Even where you operate your business through a company, you can, as a director, be personally liable for claims arising out of the company’s activities. The corporate shield has long been split asunder both by judge-made law and a myriad of statutes.

So, apart from taking out insurance for obvious risks (such as for personal injury, property damage and workers compensation), what can you, as a business owner, do to protect yourself from these personal risks?

In this short article we look at two specific responses that should be considered by directors.

Family Trusts

Many directors and others have tried to sequester a portion of their assets in family discretionary trusts.  A family trust can be a safe haven for property, except where property has been transferred with the intention of defeating creditors. In the high profile case, barrister John Cummins QC transferred the family home to his wife, and shares to a family trust. Both transfers were declared void, enabling the Trustee in Bankruptcy to claw back about $1.6 million.

Even if your family trust is safe from attack by the Trustee in Bankruptcy, it might not be safe if ASIC seeks a freezing order over assets held in trusts of which you are a beneficiary.

In the case of Richstar Enterprises Pty Ltd v Carey, ASIC sought an order that receivers be appointed to a discretionary trust of which the director defendant was a beneficiary. Ordinarily, because a discretionary beneficiary is not entitled to a fixed share of the income or property of the trust their interest in the trust is not property for the purposes of the Bankruptcy Act.
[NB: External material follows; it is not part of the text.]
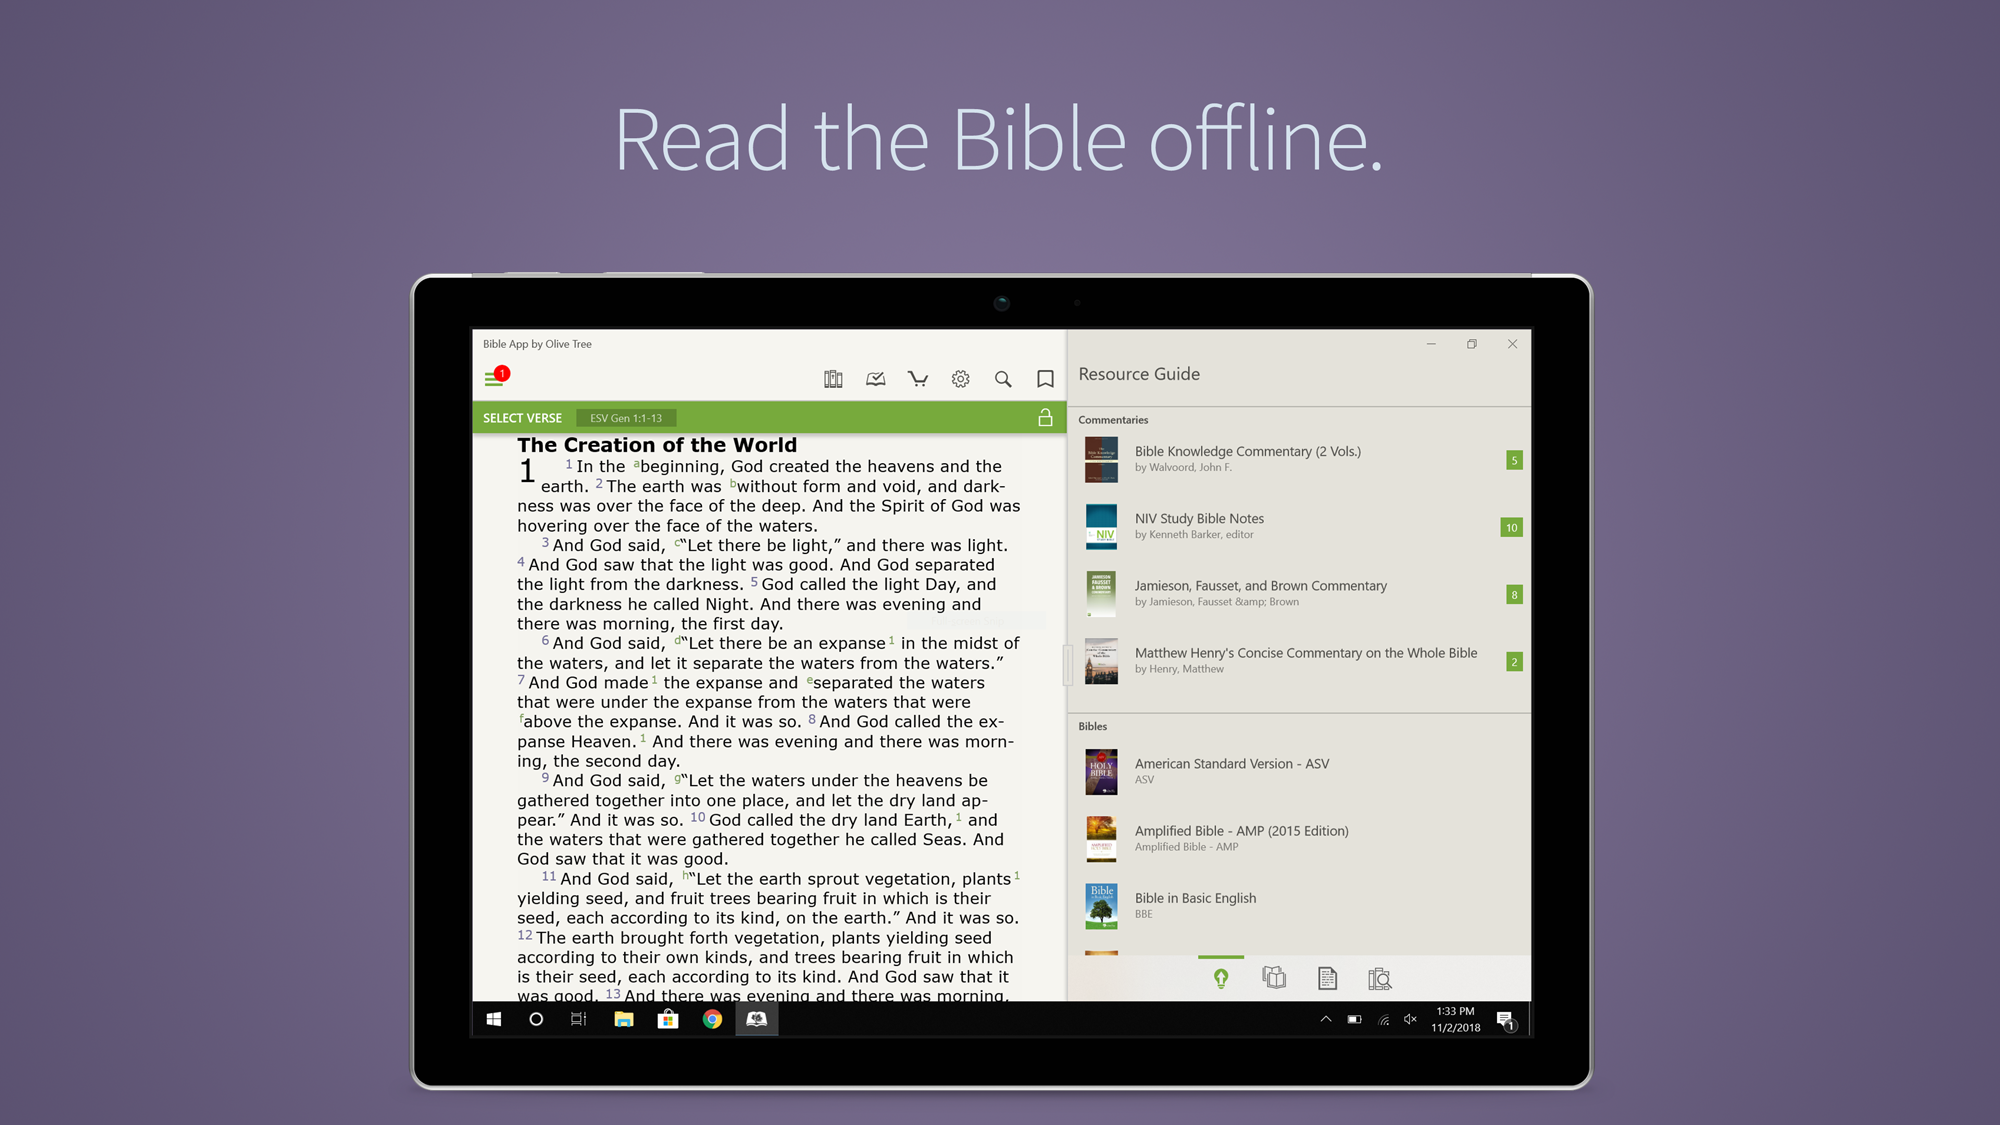 Bible Verse Software: Explore feature-rich bible software options such as Logos Bible Software or Olive Tree Bible Software.
Bible Apps: Consider using Bible apps like YouVersion or Blue Letter Bible that offer a variety of features including verse pop-ups.

However, in this case the Federal Court held that:

“where a discretionary trust is controlled by a trustee who is the alter ego of a beneficiary, a contingent interest may be identified as it is as good as certain that the beneficiary will receive the benefits of distributions.”

In short, a family trust can be effective to partition assets, however it requires three very important caveats:

  • The transfer of property into the trust should have a commercial rationale, dealing with pre-existing property, and occur before any significant liability is incurred which could result in the transfer being categorised as one intended to defeat creditor and clawed back, as in the Cummins case;
  • A corporate trustee should be appointed to the trust and any persons who may be exposed to the risk of bankruptcy should be excluded from being a director of the corporate trustee and from having the power of appointment of the trustee of the trust; and,
  • The trust must at all times be properly administered to minimise the risk of the trust being seen as an alter ego of the at risk person.

Superannuation contributions

The other popular safe haven is superannuation. However, contributions to defeat creditors can be unwound under section 128B of the Bankruptcy Act where a transfer of property, that would otherwise have been available to creditors, is made to the fund with the main purpose to prevent or delay the property becoming divisible among creditors.

You should:

  • Ensure that super contributions are bona fide, not just last minute attempts to defeat creditors;
  • Make regular contributions to support the position that any contributions are not attempts to defeat creditors; and,
  • Not make one-off, lump-sum transfers.

Conclusion – A stitch in time saves nine

The personal risk of business owners is significant. The powers available to a trustee in bankruptcy are broad and sweeping, and well adapted to catch transfers aimed at defeating creditors. Asset protection advice should be obtained early and often, and should be in the mind of a director from the very outset and each time business and personal structures change.